4 min

Christine Yen is CEO and co-founder of data store and query engine company Honeycomb. She has strong opinions on system observability in the age of cloud computing, distributed services and virtualisation. Keen to get us all thinking about shift left (i.e. bring into play early) techniques in application performance monitoring and wider software development lifecycle practices, Yen advocates something of a reality check against the Application Performance Management (APM) with its promise of a magical quick-fix solution for all challenges and ailments.

One of the defining characteristics of today’s systems is the complexity that arises from embracing cloud-native technologies: containers, orchestration layers and serverless all contribute to key business logic being spread out in completely custom ways. So what should we do to gain control?

“Most traditional APM products or platforms have promised a magical out-of-the-box experience, wherein telemetry was automatically captured by agents and automatically reflected back in canned dashboards – but often, that magic is based on an expectation of some common architectural patterns. When the systems buck those expectations, the magic is lost,” said Yen. “Instead, we take a more considered approach which accepts and embraces the reality of this new complexity and leans into customization – auto instrumentation provides a baseline, sure, but engineering teams are empowered to add any custom metadata that allows them to ask and answer questions in the language of the business, shared across the engineering team.”
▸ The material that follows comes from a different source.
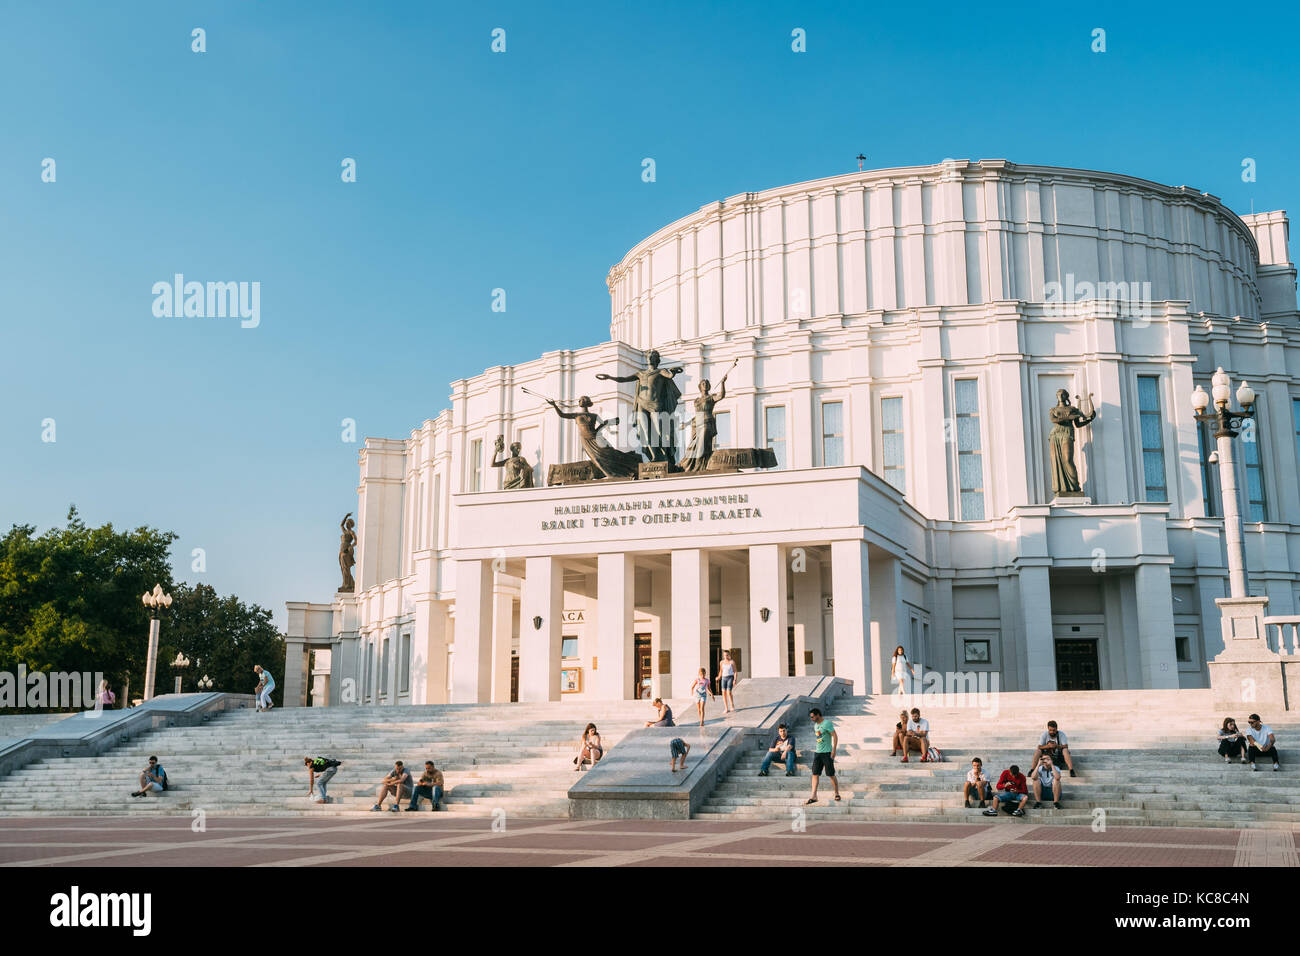 Minsk Belarus. Main Facade Of National Academic Grand Opera Ballet Theatre, White Building Of Constructivist Style Decorated By Sculptures. Resting Yo Stock Photo

Honeycomb’s support for answering questions about high-cardinality, high-dimensionality data offers engineering teams the chance to not simply ask what is happening or where, but whom it’s impacting and how. The suggestion here is that as forward-looking engineering leaders become ever more customer-centric, the ability to answer questions about business impact differentiates the value that engineers are able to extract.

A ‘traditional’ APM approach

“We think engineering teams recognize that practices are changing and are starting to demand more of their tools. The classic APM approach of ‘we’ll handle it all for you’ robs those teams of the ability to lean in and reach further with their vendor of choice, instead having to put their full faith in the product teams at those vendors to assess on their behalf what problems and questions are most worth answering,” asserted Yen.

She says that she and her term see this most with conversations they have around the role of Service Level Objective (SLO) in organizations. Why? Because most engineering leaders want their SLOs to reflect the customer journey through their system and reflect the experience those customers have. That means that the SLOs must be able to reflect the business-level language that impacts customers (distinguishing between different merchants on an e-commerce platform, or latency of checkout times, or the success rate of a specific sort of purchase). 

“This introduction of key business-level metadata is important both at the SLO definition level and to directly support any action an engineer may take as a result of an SLO’s burn alert triggering,” explained Yen. “I have an immense amount of respect for the traditional APM tools that came before  – and yet, I see many hundreds or thousands of folks in those R&D departments coming up with novel solutions to allow their customers to keep things exactly the way they are, but only building up more technical and cognitive debt along the way. It’s certainly possible to build ever-more powerful data lakehouses to magically correlate logs, metrics and traces… or we could acknowledge that those logs, metrics and traces are simply derivations of the same base building blocks (typically, spans within a trace) and build query engines that are powerful enough to provide the appropriate on-demand visualisations.”

It’s worth remembering at this point that correlation problems are only big problems worth solving if we accept the premise that the discrete pieces must stay discrete and be forcibly correlated in the first place. Honeycomb says it questions that core premise.

Redefining observability 

“We define observability as the ability to understand the behaviour of software systems based on their outputs (telemetry, in this case, that is descriptive enough – likely with many dimensions, high cardinality – to fully serve user needs) and enables questions to be answered in a quick, exploratory way. Users should be able to take advantage of this ability to iteratively narrow the set of possible explanations for a given behaviour,” asserted Yen. “Many [in this market] to define observability as some state of having and handling types of telemetry – as if the simple state of capturing and aggregating against logs, metrics, and traces provides some ability beyond what any individual type of telemetry could accomplish on its own.”

The Honeycomb chief insists her company’s approach has been different. Instead, they prefer to focus on what users are able to do with the appropriate tools – the feedback loops they’re able to fuel their workflows (‘iteratively narrow’ a search space, validate hypotheses in an ‘exploratory’ way) and their ability to connect technical signals to business impact (‘high cardinality’ fields, across many dimensions, uniquely defined by the customer).

For a lower substrate system-level technology practice so focused on the inner guts of system health and operations, the topic of observability seems to garner more strong opinions than most other sub-disciplines of cloud computing. But then, perhaps that is to be expected, given that cloud is essentially virtualised and abstracted away from us so that it is out of sight for the most part. Perhaps observability is no sub-discipline either (Yen certainly wouldn’t agree that it is) and we should all think about software system control systems a whole lot more anyway.

A diagram showing the phases of a software development life cycle.
The Honeycomb approach to the software development lifecycle.